### [Your assignment]
Please reproduce the listing verbatim, without its images.

### [Provided material]
((

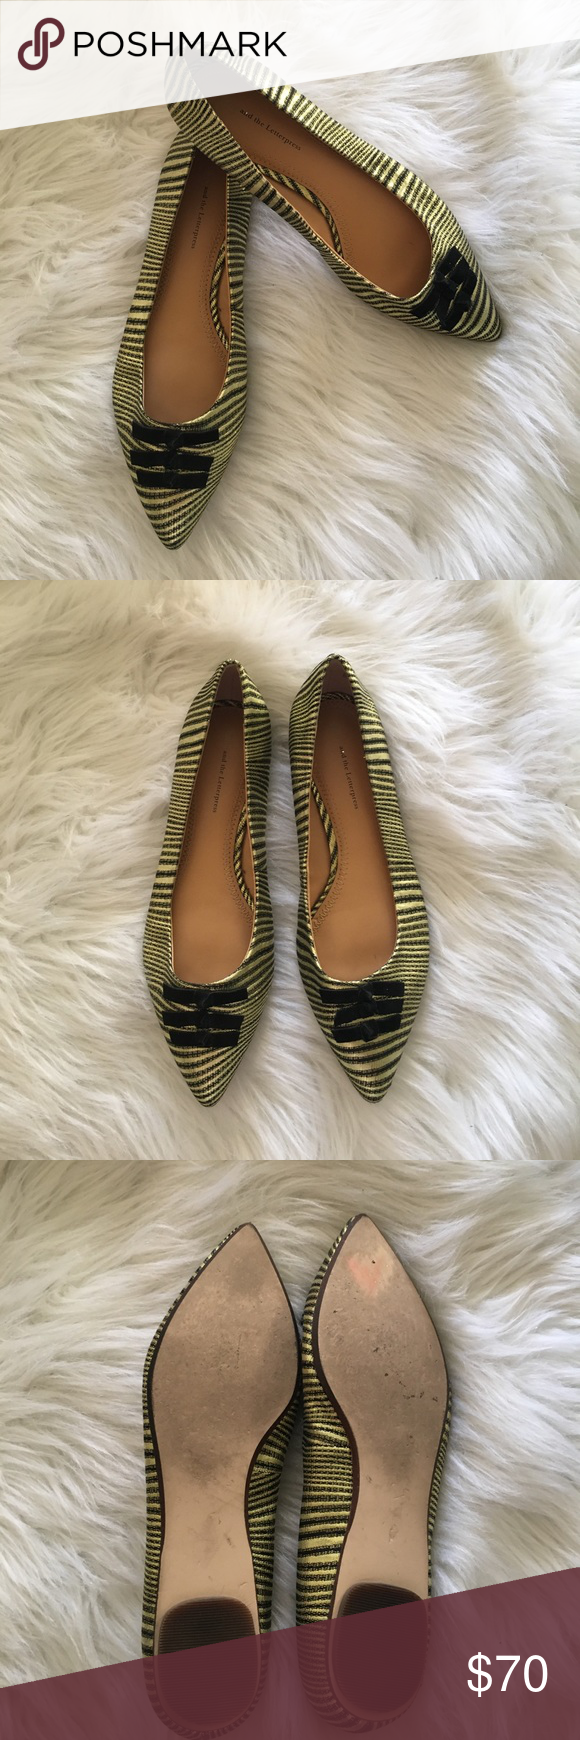 Anthropologie Shoes | Anthropologie Vicenza Paris Velvet
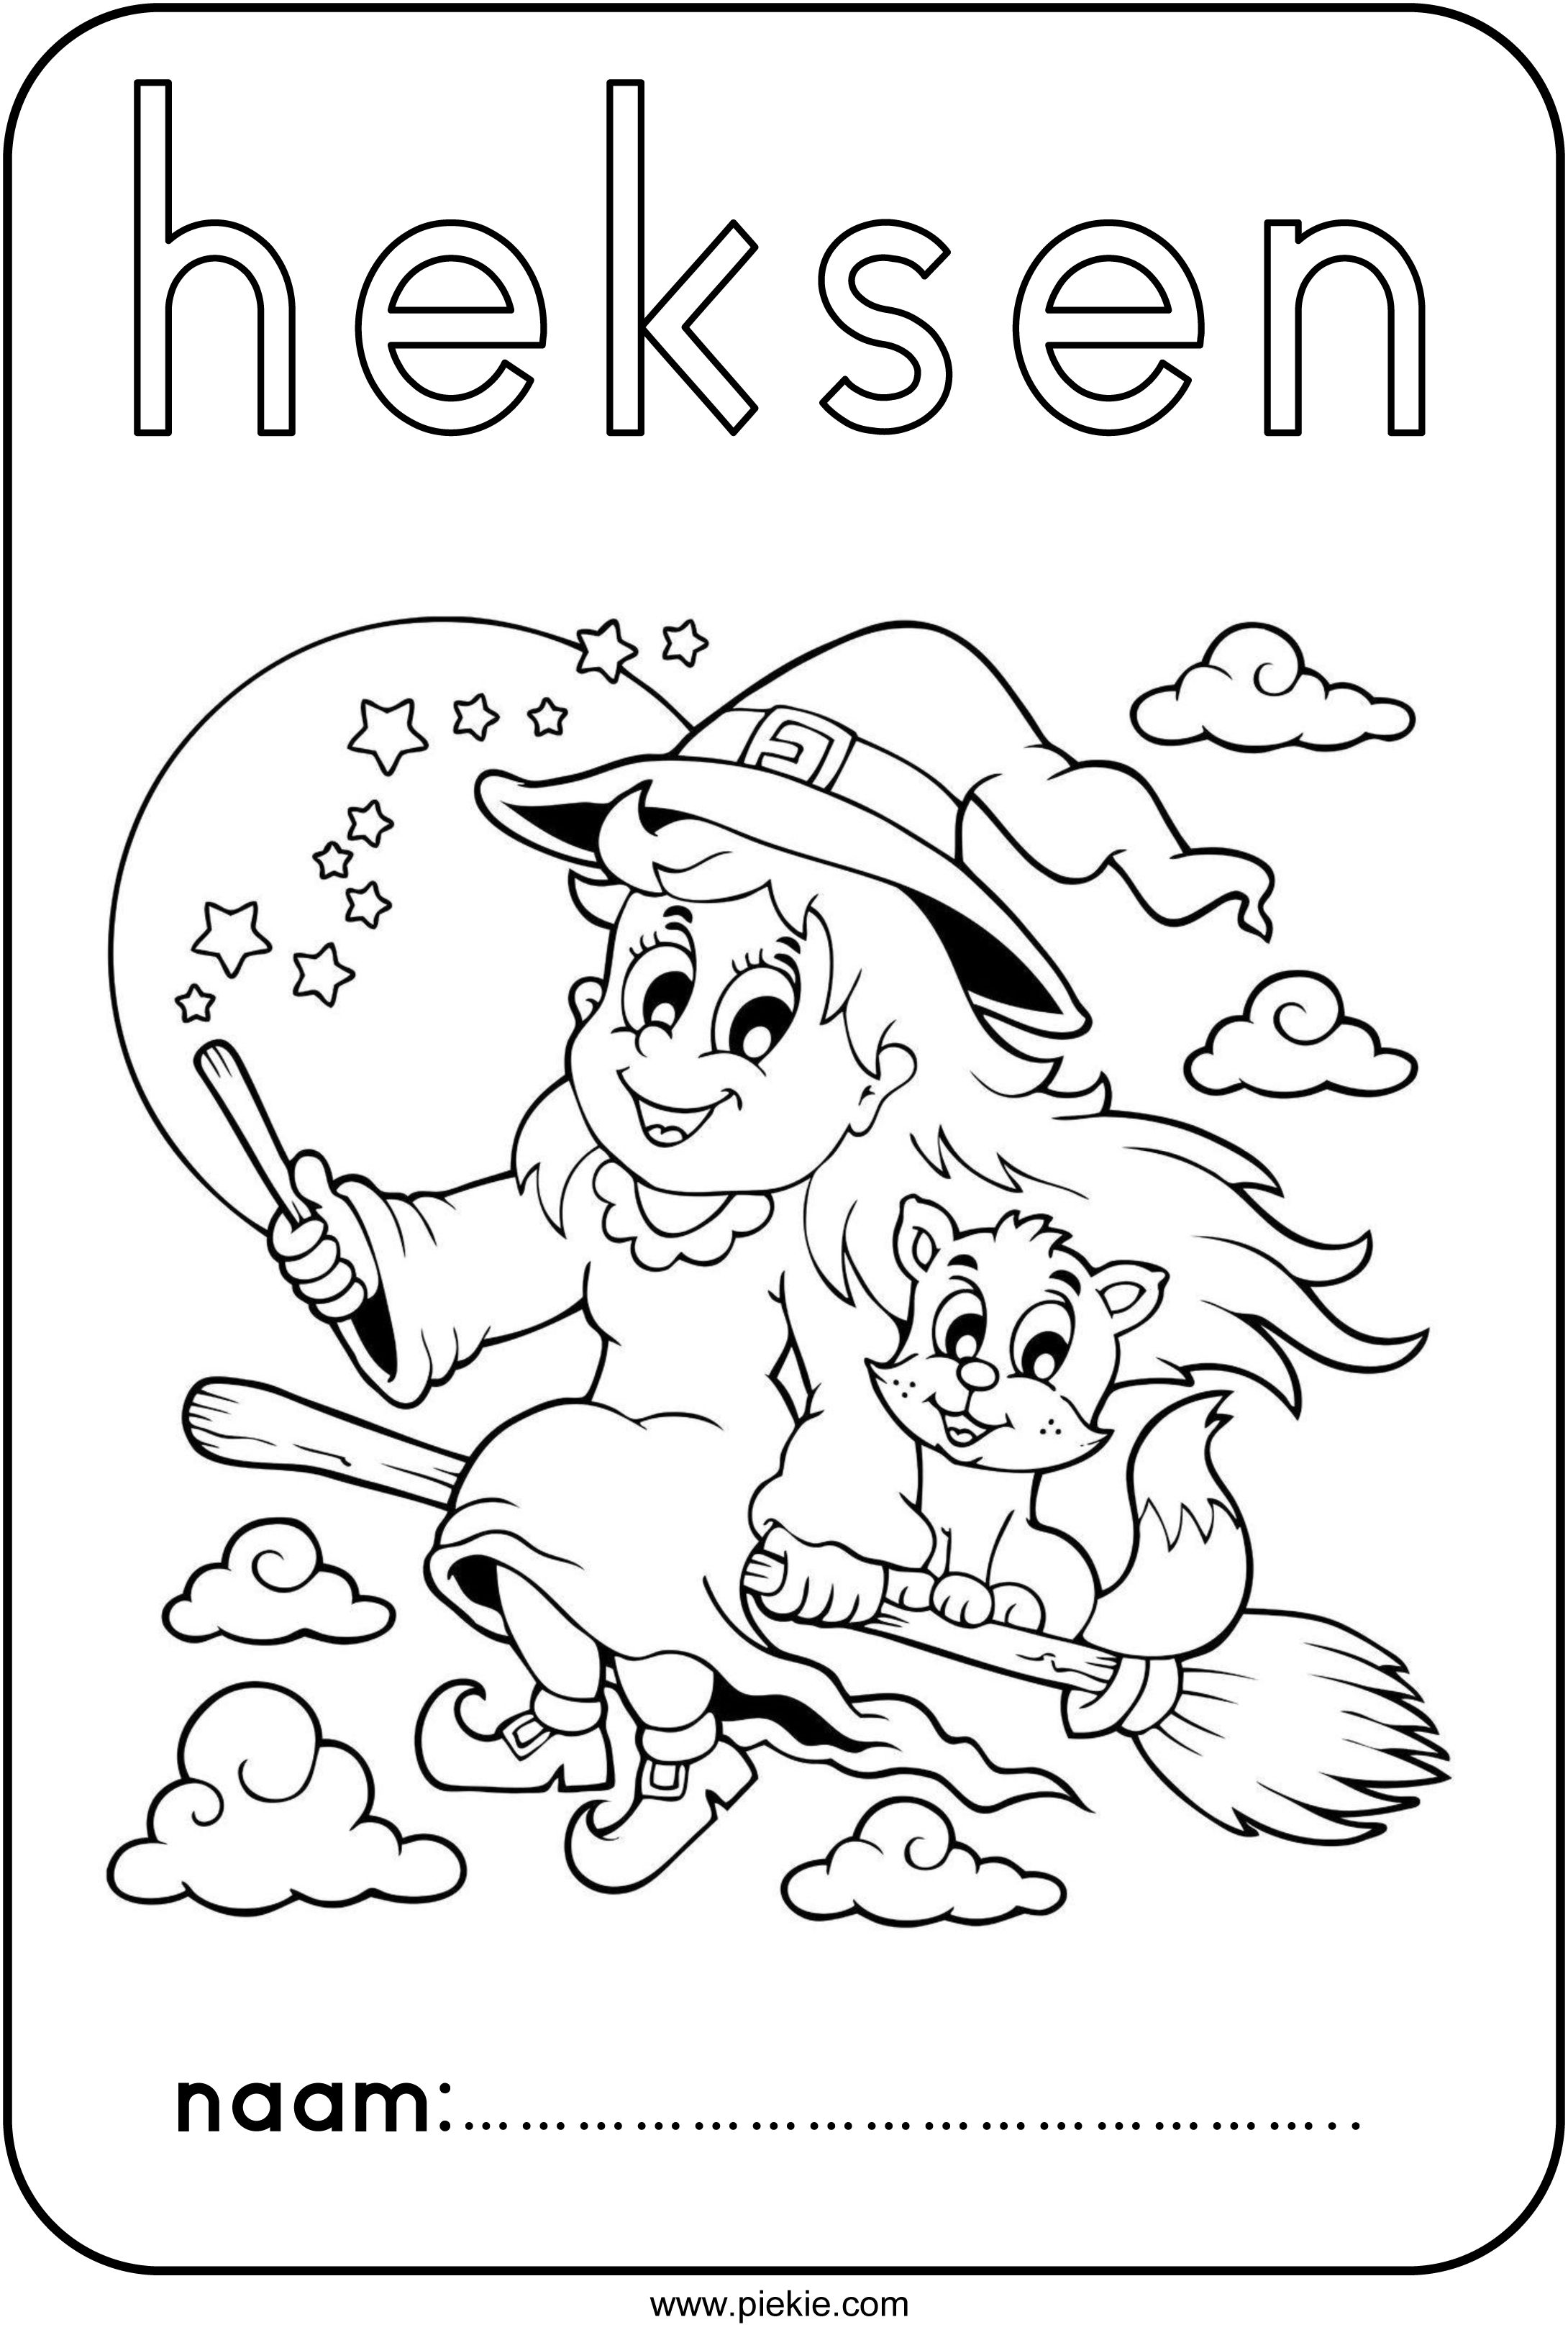 werkboekje heksen griezelig pompoenen
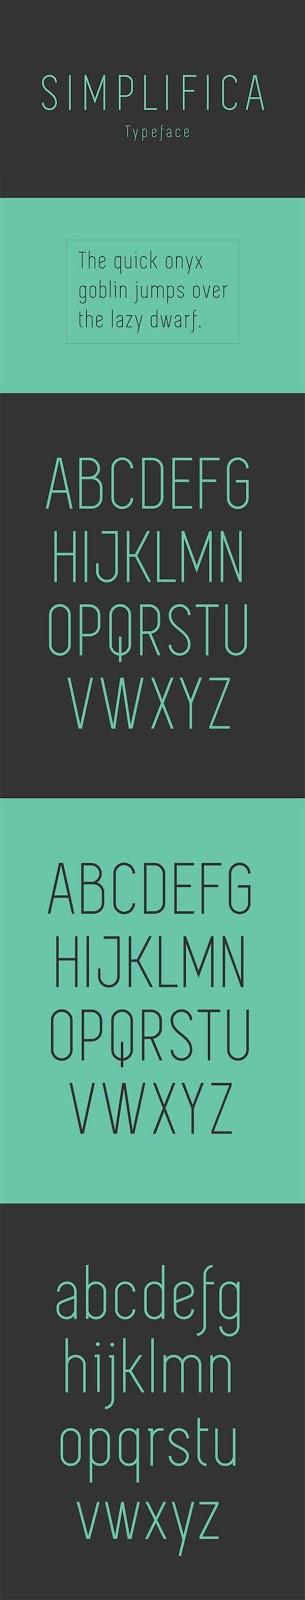 Download Gratis Sans Serif Komersial Font - Simplifica Typeface
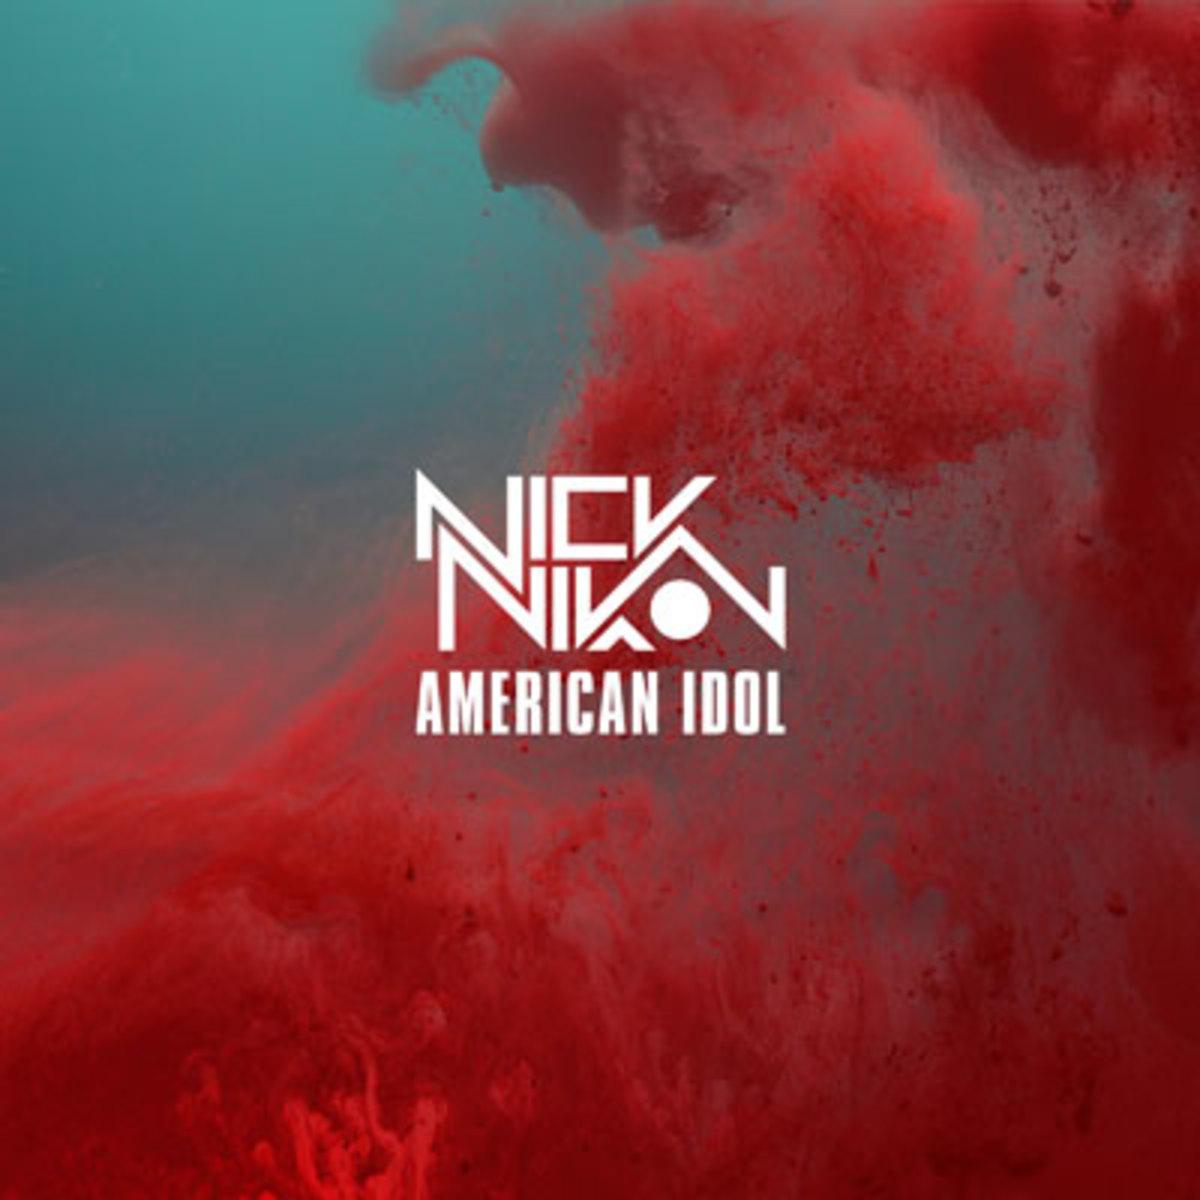 nick-nikon-american-idol.jpg

))

### [Task result]
 Anthropologie Shoes | Anthropologie Vicenza Paris Velvet
 werkboekje heksen griezelig pompoenen
 Download Gratis Sans Serif Komersial Font - Simplifica Typeface
 nick-nikon-american-idol.jpg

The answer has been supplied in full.